In Brown v. State, Fla.App.1969, 222 So.2d 793, Judge Carroll of our sister court of the First District had a similar question before him. In referring to the landmark decision of the United States Supreme Court in Miranda v. Arizona, supra, Judge Carroll stated at page 794:

“In that decision, however, the Supreme Court clearly pointed out the limitations of the said rule — that all statements obtained through interrogation are not inadmissible and that the fundamental import of the privilege while an individual is in custody is not ‘whether he is

*62allowed to talk to the police without the benefit of warnings and counsel, but whether he can be interrogated.’ These limitations were thus expressed in the Supreme Court’s opinion:

“ ‘In dealing with statements obtained through interrogation, we do not purport to find all confessions inadmissible. Confessions remain a proper element in law enforcement. Any statement given freely and voluntarily without any compelling influences is, of course, admissible in evidence. The fundamental import of the privilege while an individual is in custody is not whether he is allowed to talk to the police without the benefit of warnings and counsel, but whether he can be interrogated. There is no requirement that police stop a person who enters a police station and states that he wishes to confess to1 a crime, or a person who calls the police to offer a confession or any other statement he desires to make. Volunteered statements of any kind are not barred by the Fifth Amendment and their admissibility is not affected by our holding policy today.’ ”
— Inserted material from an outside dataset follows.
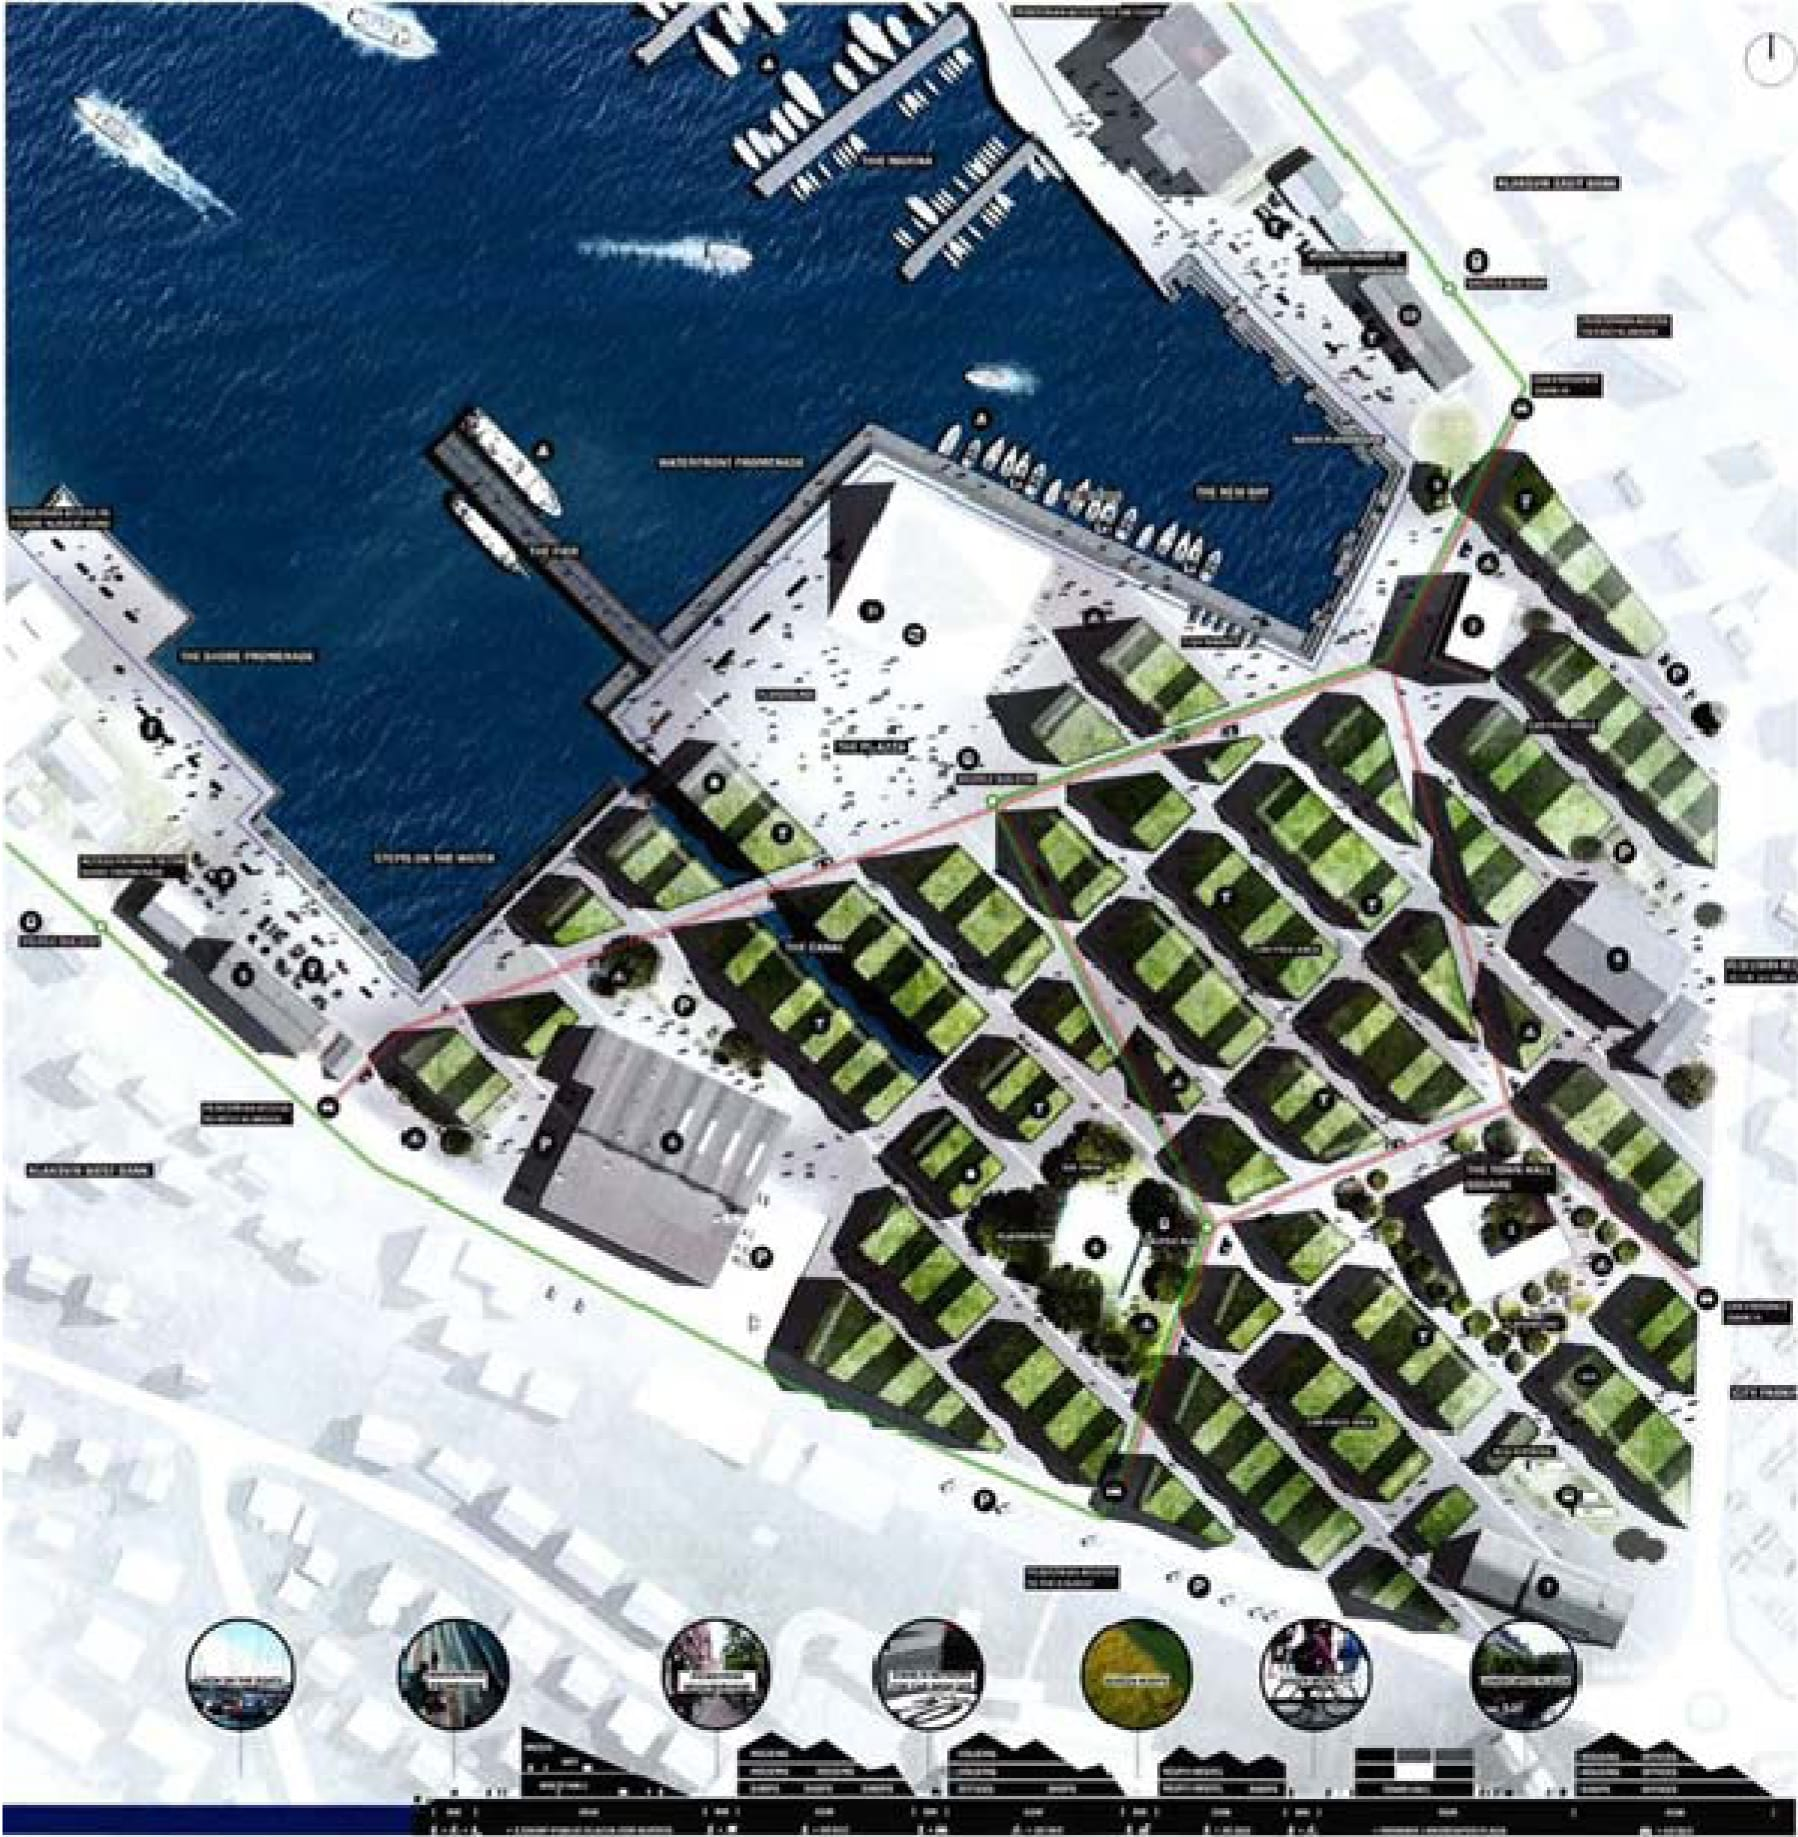 20120601-klaksvik-jury report-9
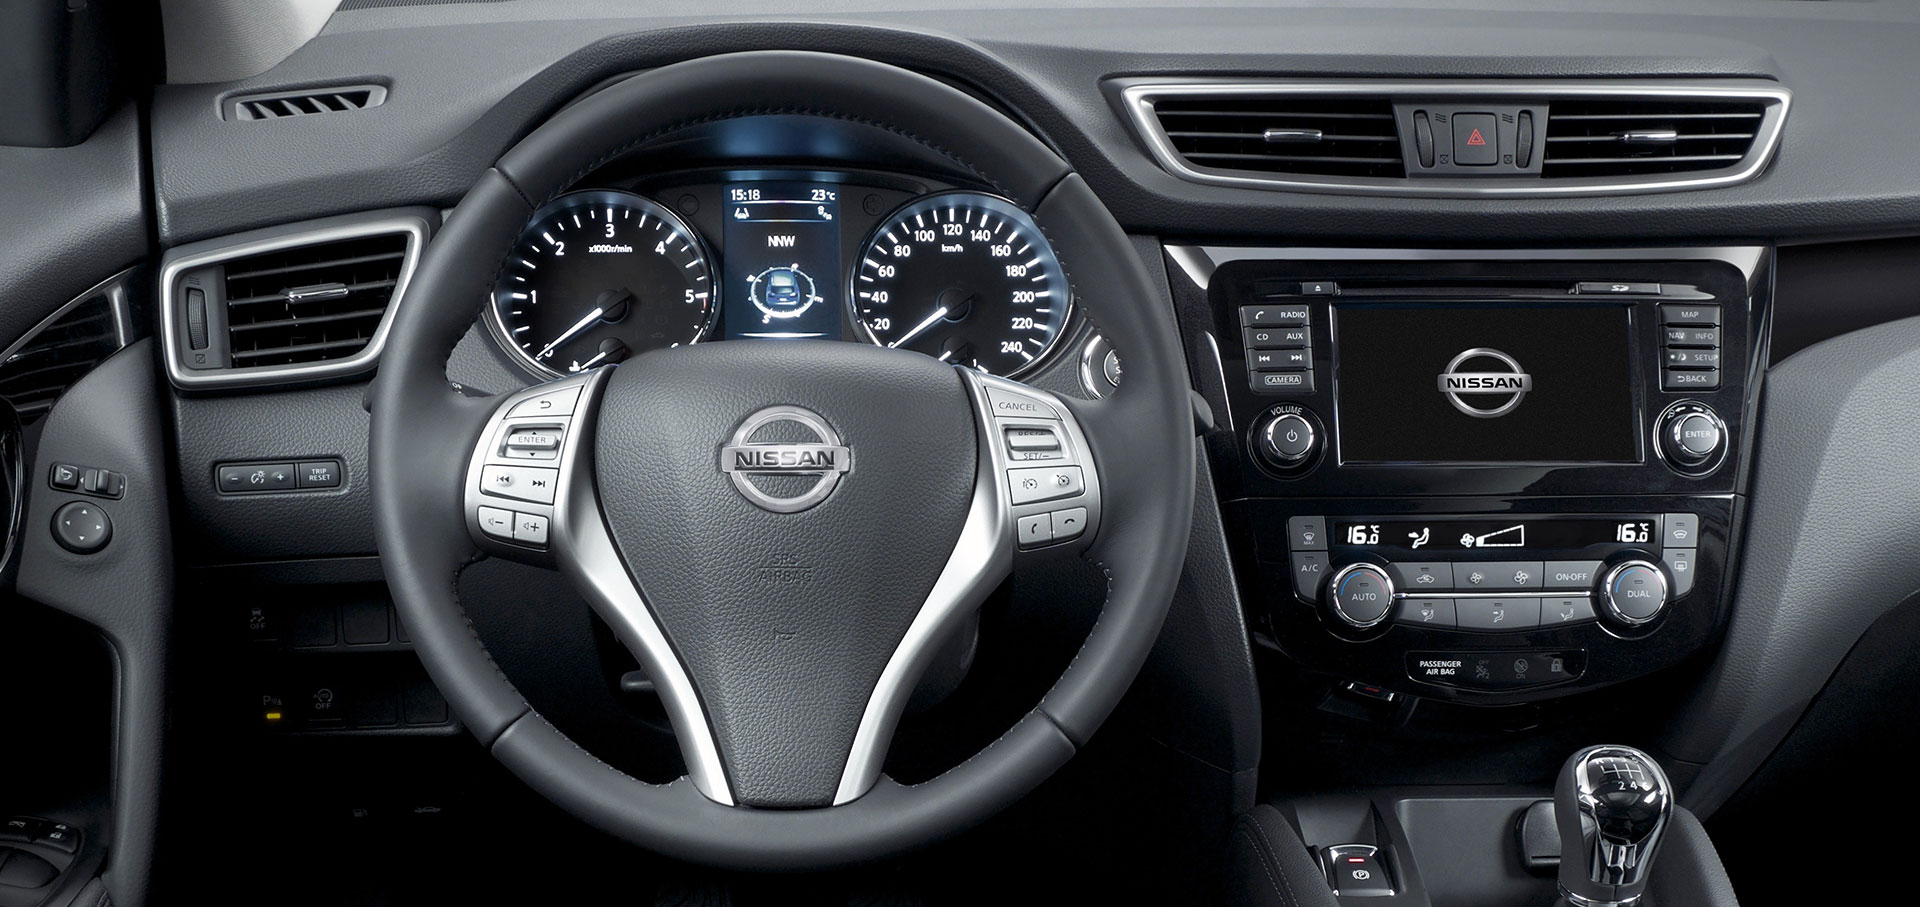 Nissan Qashqai Interior - Dashboard and IP - Car Body Design

[1] In the case sub judice, the testimony at trial was uncontradicted that the accused’s incriminating statements were completely voluntary and not made during interrogation. The fact that the accused was in custody and made statements before he had been advised of his constitutional rights is not a ground for excluding the statements. Brown v. State, supra; People v. Torres, 21 N.Y.2d 49, 286 N.Y.S. 2d 264, 233 N.E.2d 282 (1967); Miranda v. Arizona, supra, and United States v. Cone, 2 Cir., 354 F.2d 119 (1965). Therefore, no reversible error has been made to appear in this regard.

Appellant’s next point urges error in the lower court’s refusal to direct a verdict upon the issue of insanity.

Appellant asserts that while all men are presumed sane, the presumption vanishes when there is testimony of insanity sufficient to present a reasonable doubt as to the sanity of the defendant and he is entitled to an acquittal if the State does not overcome the reasonable doubt. We agree that this is a correct statement of the law in this jurisdiction.1

It also follows that if there is sufficient evidence in the record to overcome the reasonable doubt as to the defendant’s sanity the issue of sanity is for the jury. Norman v. State, Fla.App.1963, 156 So.2d 186.

In the case sub judice, the defendant placed three expert witnesses on the stand. These experts, a clinical psychologist and two medical doctors who were also psychiatrists, all testified for various reasons that the defendant in their opinion could not distinguish right from wrong at the time he committed the act in question.

A State’s medical expert, Dr. Russ, a psychiatrist, directly contradicted the defense experts by his opinion that the defendant did know right from wrong at the time of the offense.

In addition to the conflict in testimony of the medical experts the jury had lay evidence before it which could be considered in its determination of the issue of sanity. Norman v. State, supra. The jury’s finding that the defendant was sane is supported by the evidence.

We have carefully reviewed the instructions given the jury and hold that, when considered in their entirety, they *63fairly and correctly state the law applicable to the issues presented to the jury.

In view of the foregoing, the judgment and sentence entered herein is

Affirmed.

PIERCE and McNULTY, JJ., concur.

. Brady v. State, Fla.App.1966, 190 So. 2d 607; Byrd v. State, Fla.App.1965, 178 So.2d 886; Norman v. State, Fla.App. 1963, 156 So.2d 186, and Farrell v. State, Fla.1958, 101 So.2d 130.